- Born: Iestyn Polson
- Origin: London, England
- Occupations: Record Producer, Mixer & Engineer

= Iestyn Polson =

English musician and producer

Iestyn Polson is an English music producer, engineer, songwriter, musician, and mixer best known for his work with David Gray, Patti Smith and David Bowie. Originally from London, Polson is currently based in New York City.

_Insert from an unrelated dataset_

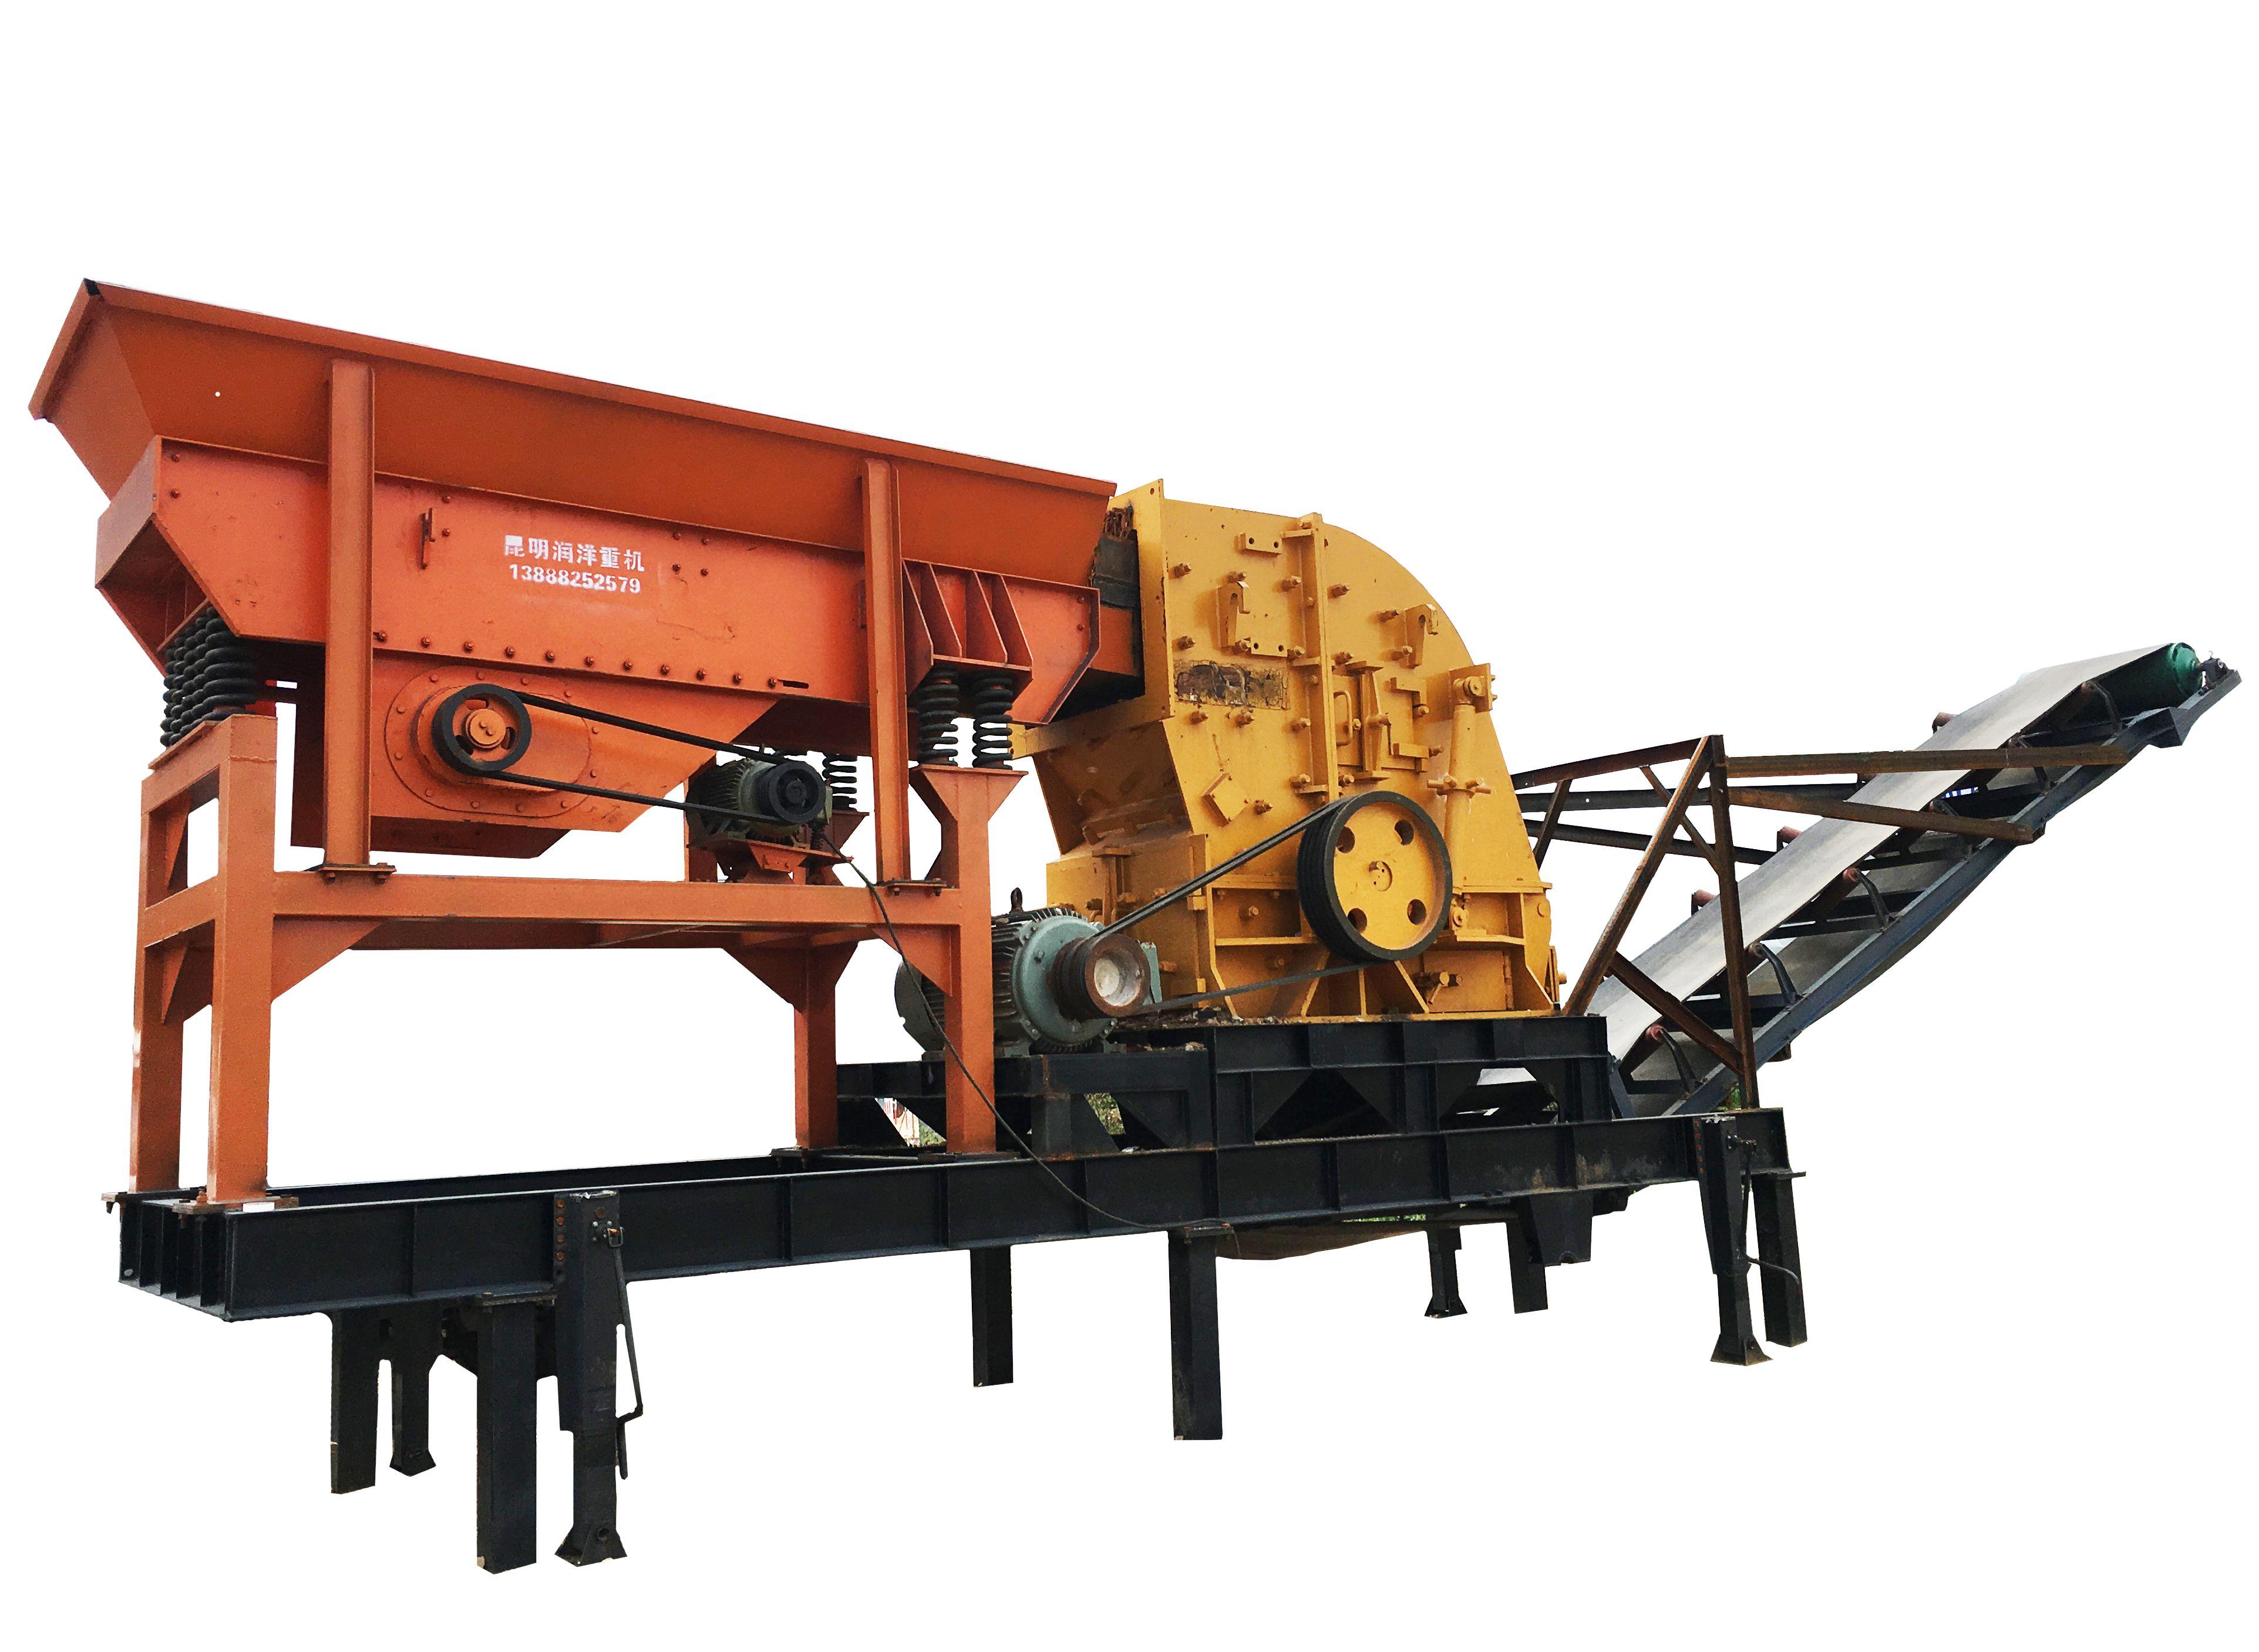 昆明礦山用移動破碎站 移動制砂機 煤炭沙石子破碎制砂機 廠價直銷

Iestyn Polson grew up in London, England, and formed his first band at age 11. Polson learned to play multiple instruments throughout his childhood and later became interested in record production. Through engineering in studios in London, Polson was introduced to singer/songwriter David Gray who was compiling demos at the time. The two began working together resulting in the multi-platinum selling album White Ladder. The album was made for less than $5,000 in the UK singer-songwriter's London apartment, and combines Gray's now signature sound of electronic grooves and acoustic folk. Polson used custom loops and samples programmed and sequenced with an Akai sampler. Iestyn has collaborated with David Gray on every album since then including the most recent forthcoming album.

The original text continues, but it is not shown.